* **The problem**: Will you output all of the data below exactly, omitting the images?

* **Data section**:

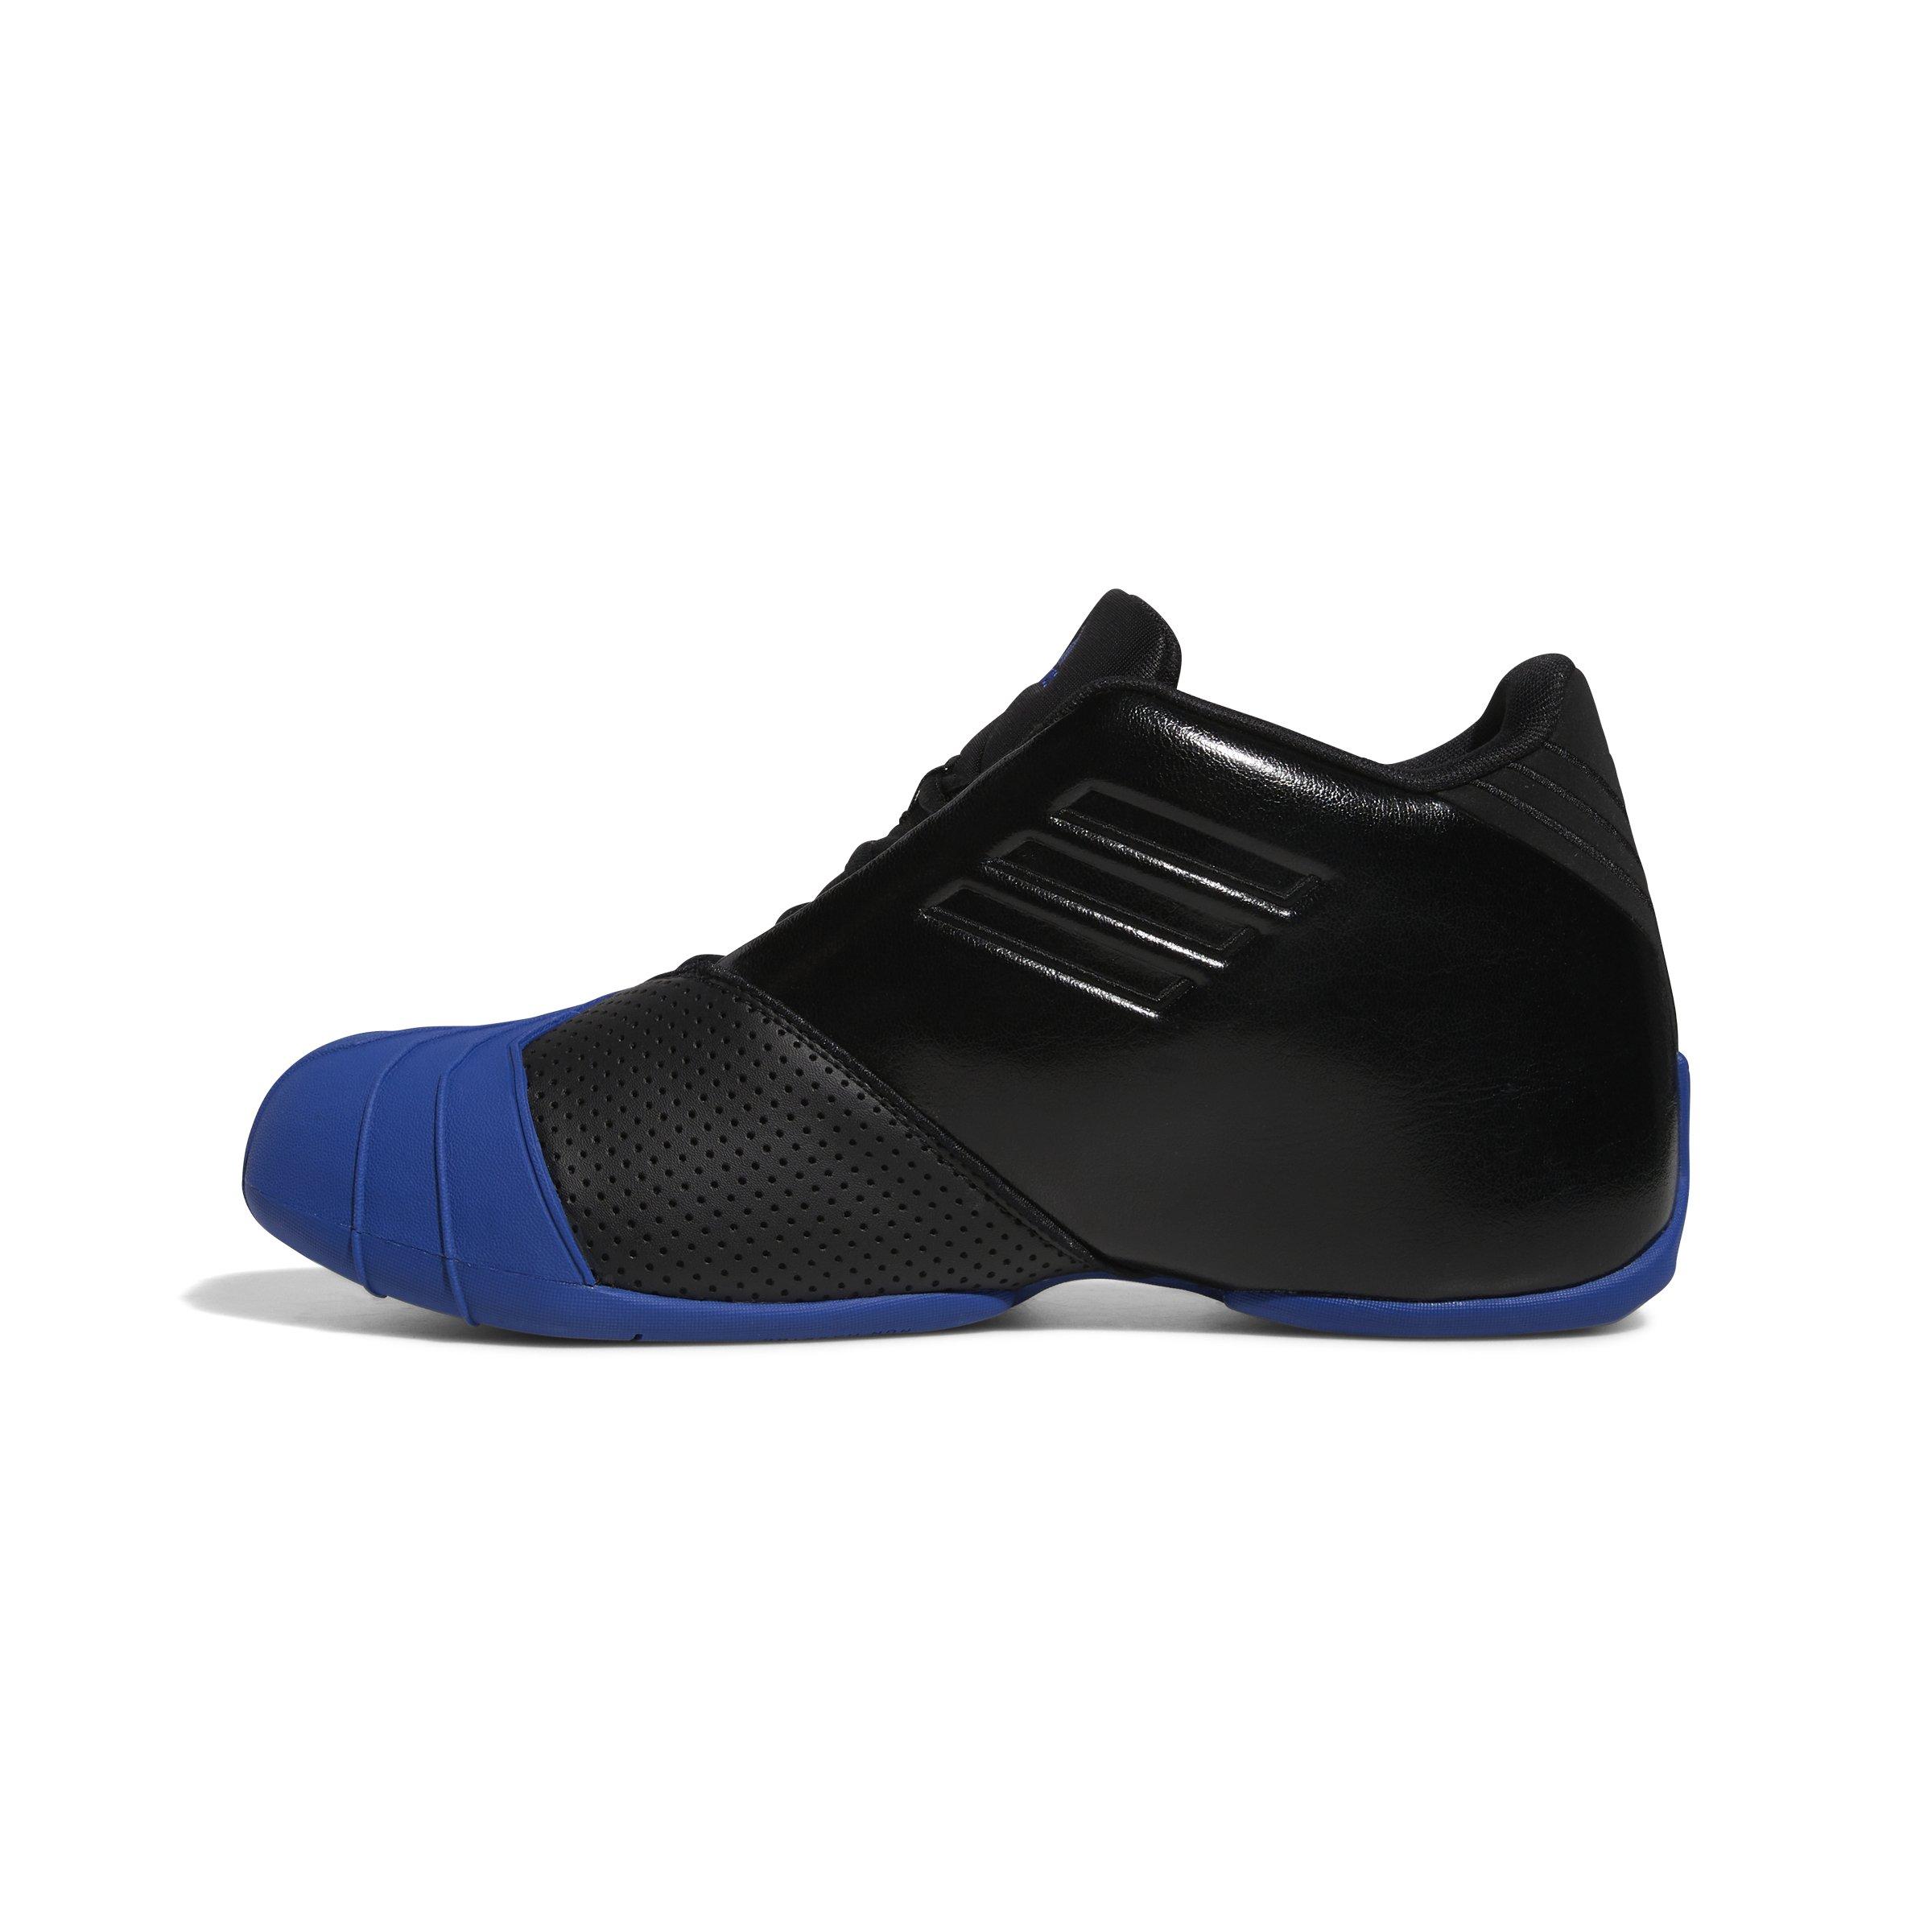 Saltar Oblea Ponte de pie en su lugar adidas T-Mac 1 "Core Black/Royal Blue/Core Black" Men's Basketball Shoe
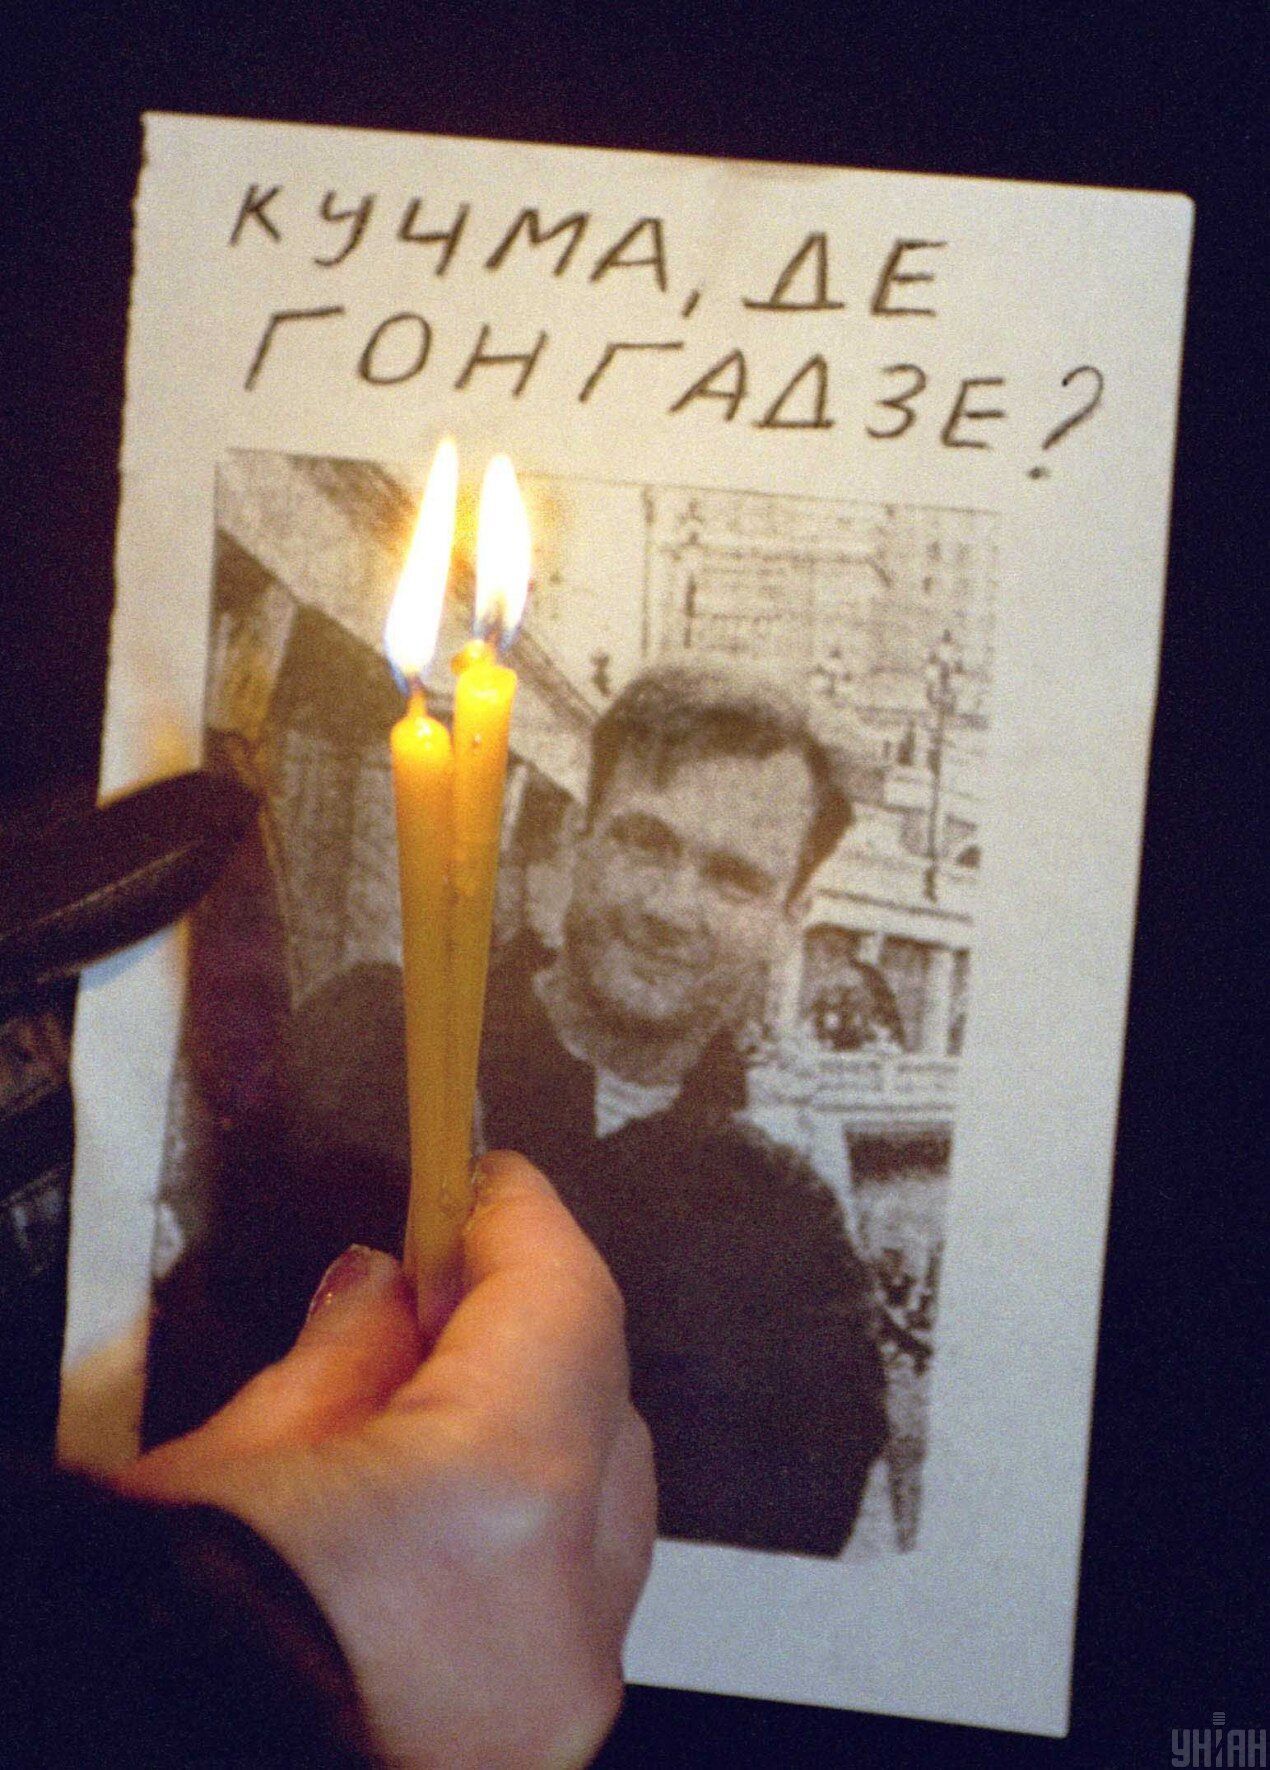 Акция памяти и ответственности 11 февраля 2001 года в Киеве
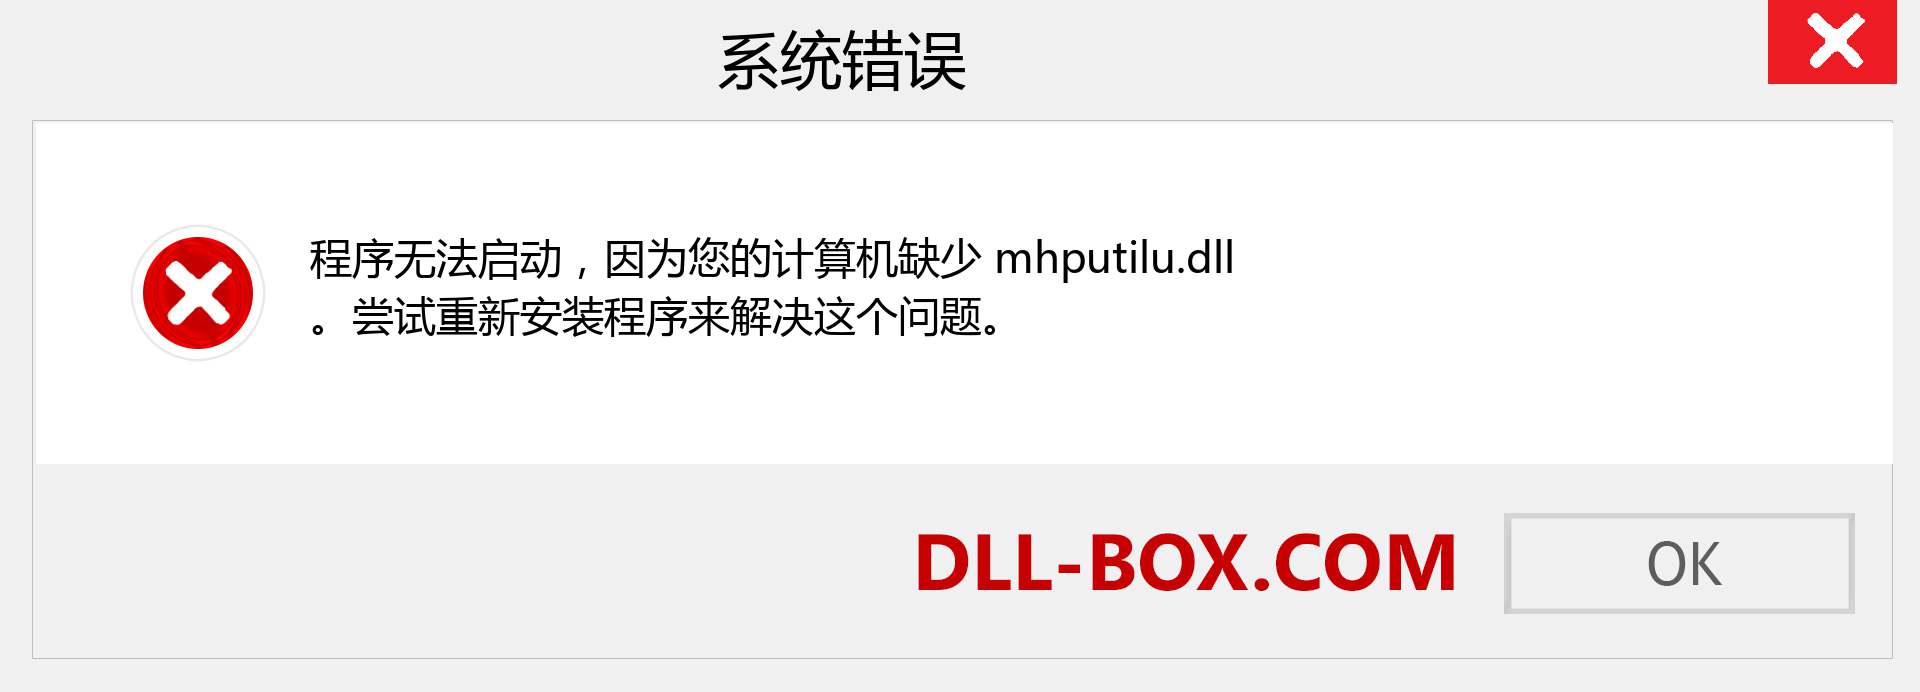 mhputilu.dll 文件丢失？。 适用于 Windows 7、8、10 的下载 - 修复 Windows、照片、图像上的 mhputilu dll 丢失错误

* **Response**:
 Saltar Oblea Ponte de pie en su lugar adidas T-Mac 1 "Core Black/Royal Blue/Core Black" Men's Basketball Shoe
 Акция памяти и ответственности 11 февраля 2001 года в Киеве
 mhputilu.dll 文件丢失？。 适用于 Windows 7、8、10 的下载 - 修复 Windows、照片、图像上的 mhputilu dll 丢失错误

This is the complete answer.